» **GIVEN DATA**:
■ ■ ■ ■

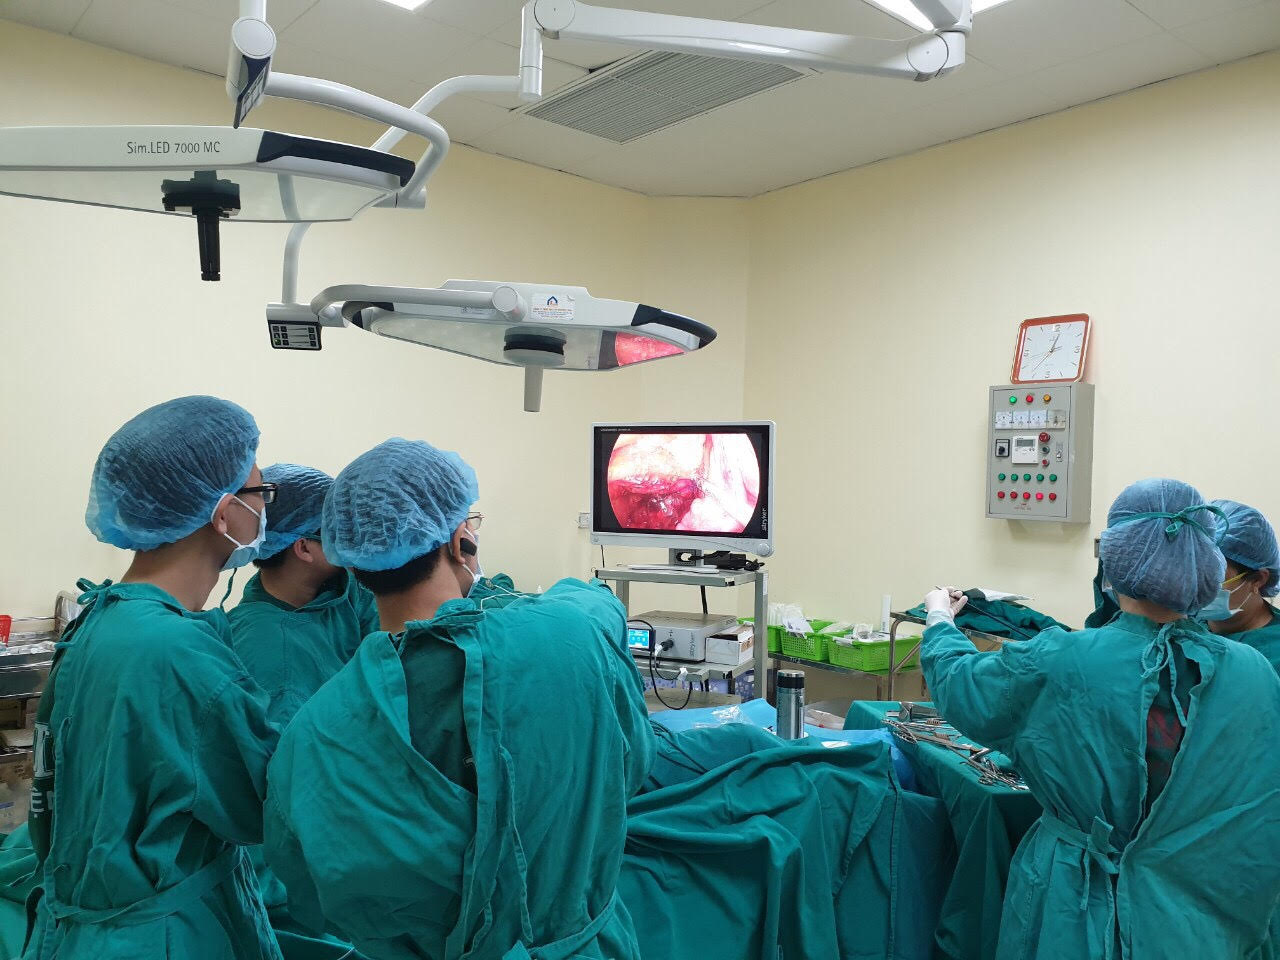 Ca phẫu thuật cắt u thực quản kích thước lớn cho bệnh nhân nam 66 tuổi bị ung thư hắc tố thực quản hiếm gặp tại bệnh viện K. Ảnh: VGP/Trần Hà
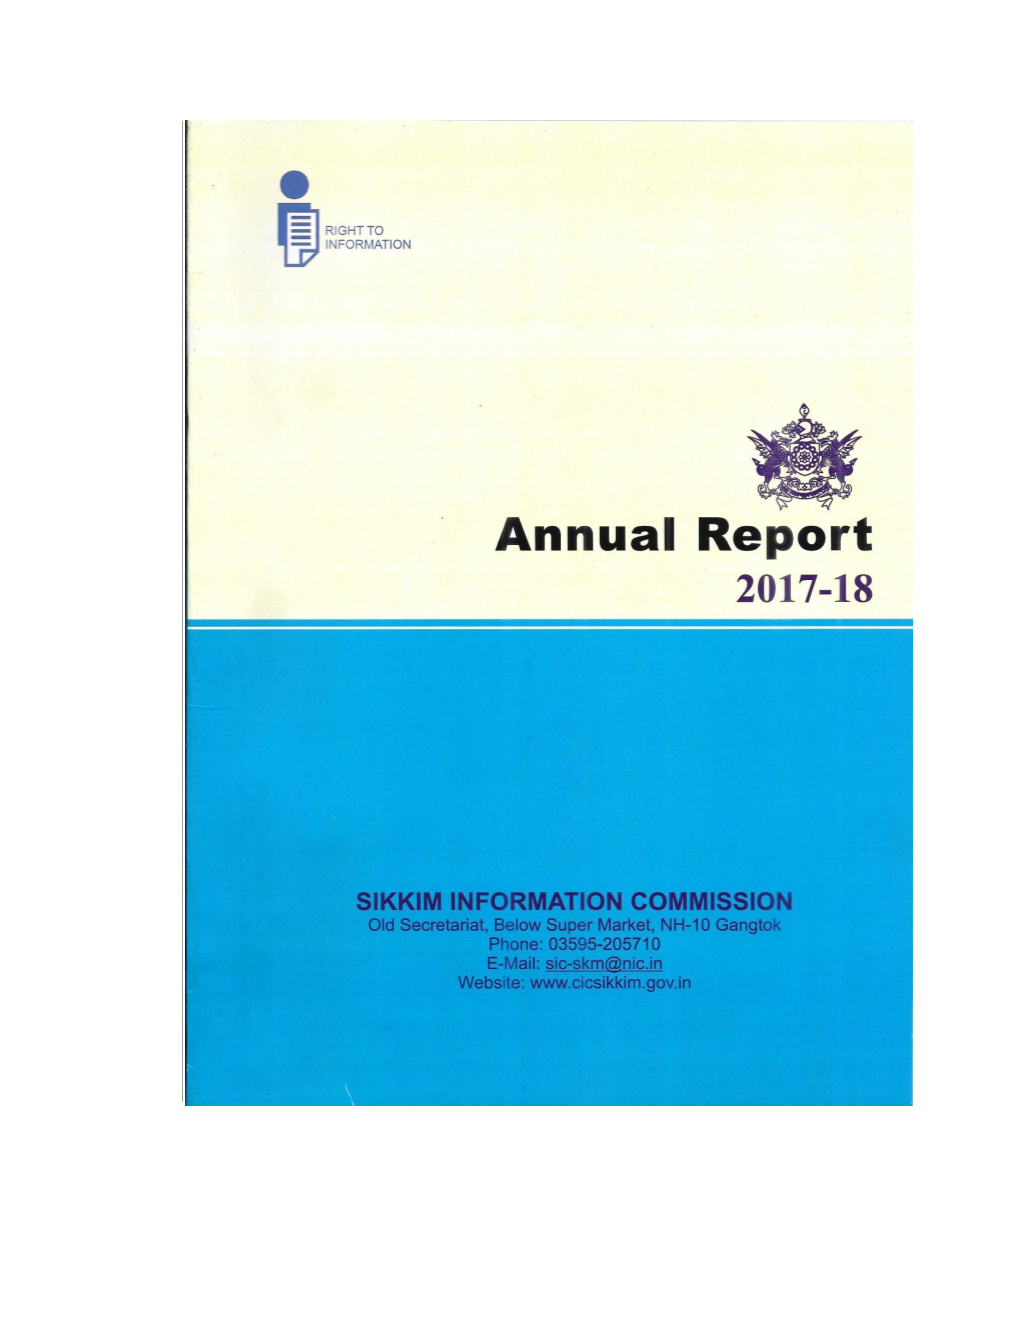 Annual Report 2017-2018 20210423.Pdf
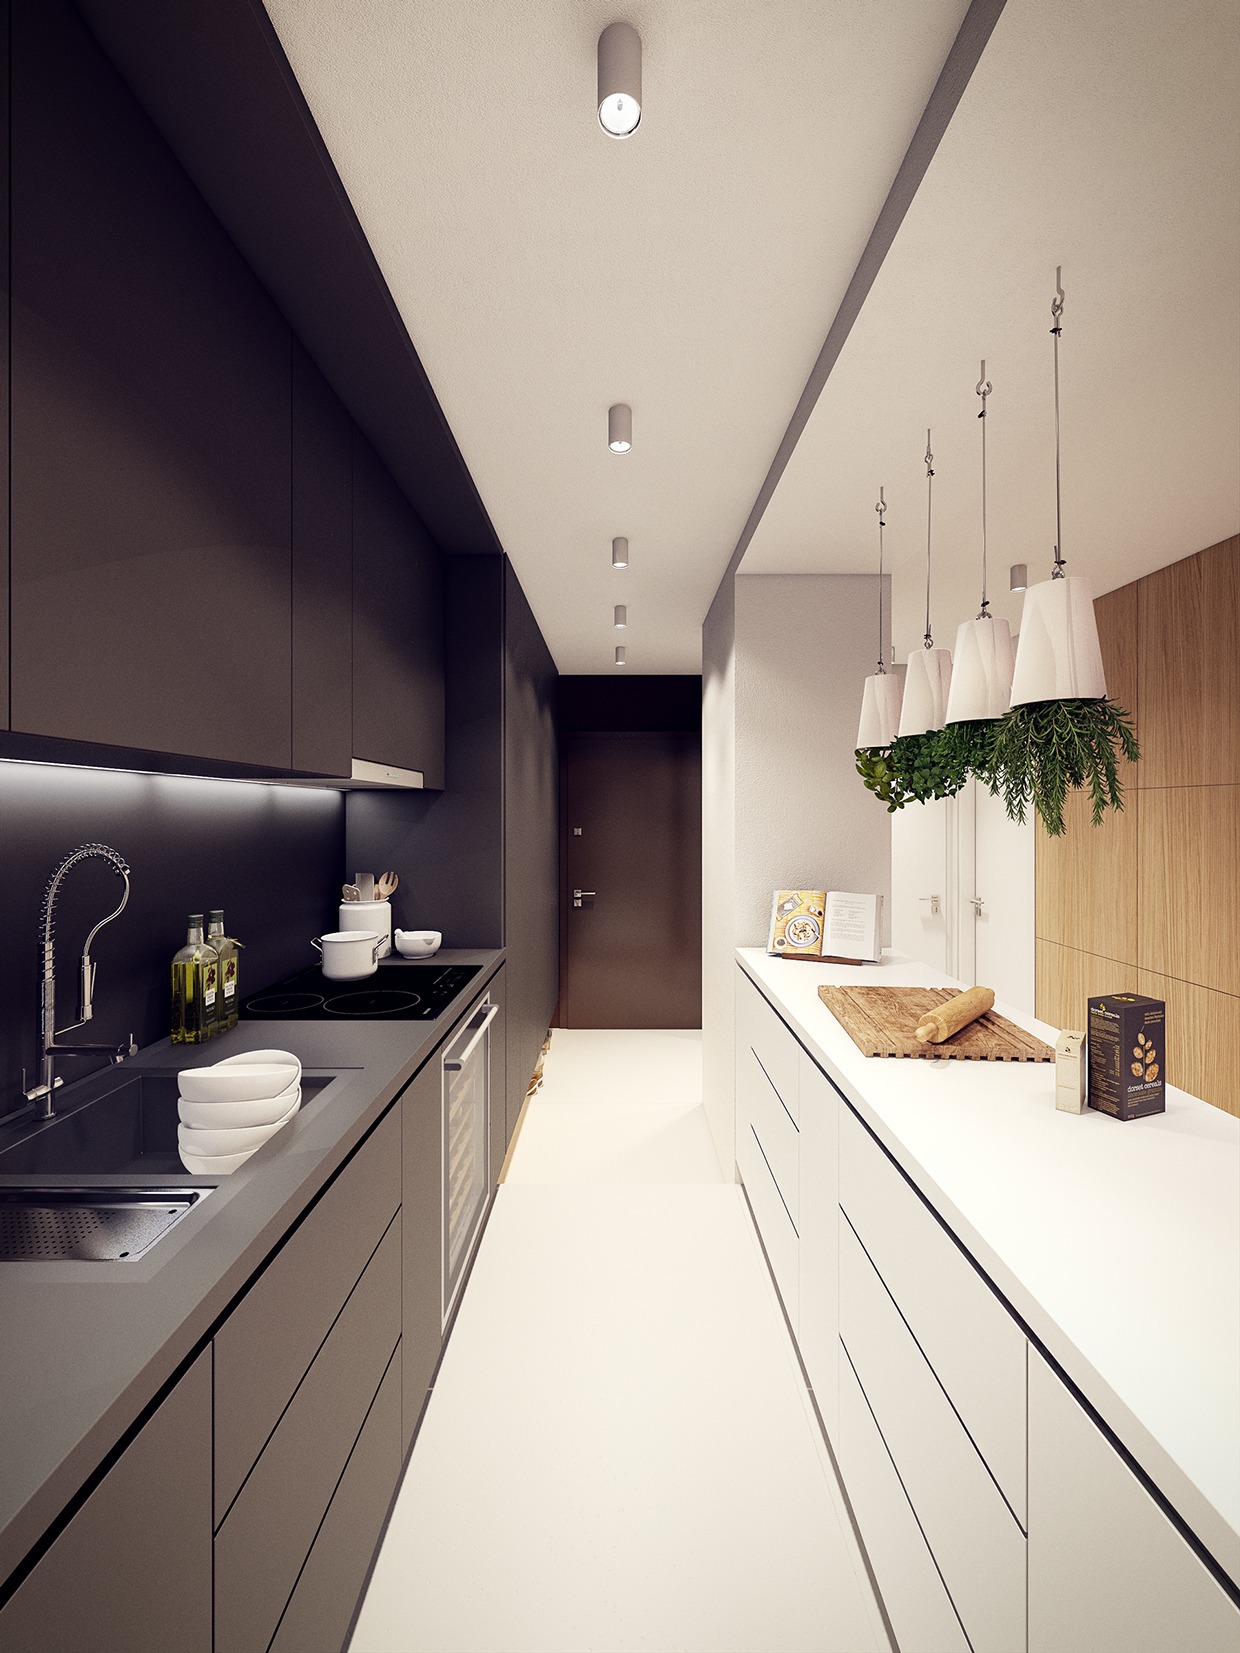 Wedo thiết kế nội thất nhà bếp đẹp lấy cảm hứng từ xu hướng thiết kế từ những năm 60

■ ■ ■ ■

» **TASK REQUIREMENTS**:
Would you write out the material above in full, exactly as given, except for its pictures?

» **SOLUTION TO THIS EXERCISE**:
 Ca phẫu thuật cắt u thực quản kích thước lớn cho bệnh nhân nam 66 tuổi bị ung thư hắc tố thực quản hiếm gặp tại bệnh viện K. Ảnh: VGP/Trần Hà
 Annual Report 2017-2018 20210423.Pdf
 Wedo thiết kế nội thất nhà bếp đẹp lấy cảm hứng từ xu hướng thiết kế từ những năm 60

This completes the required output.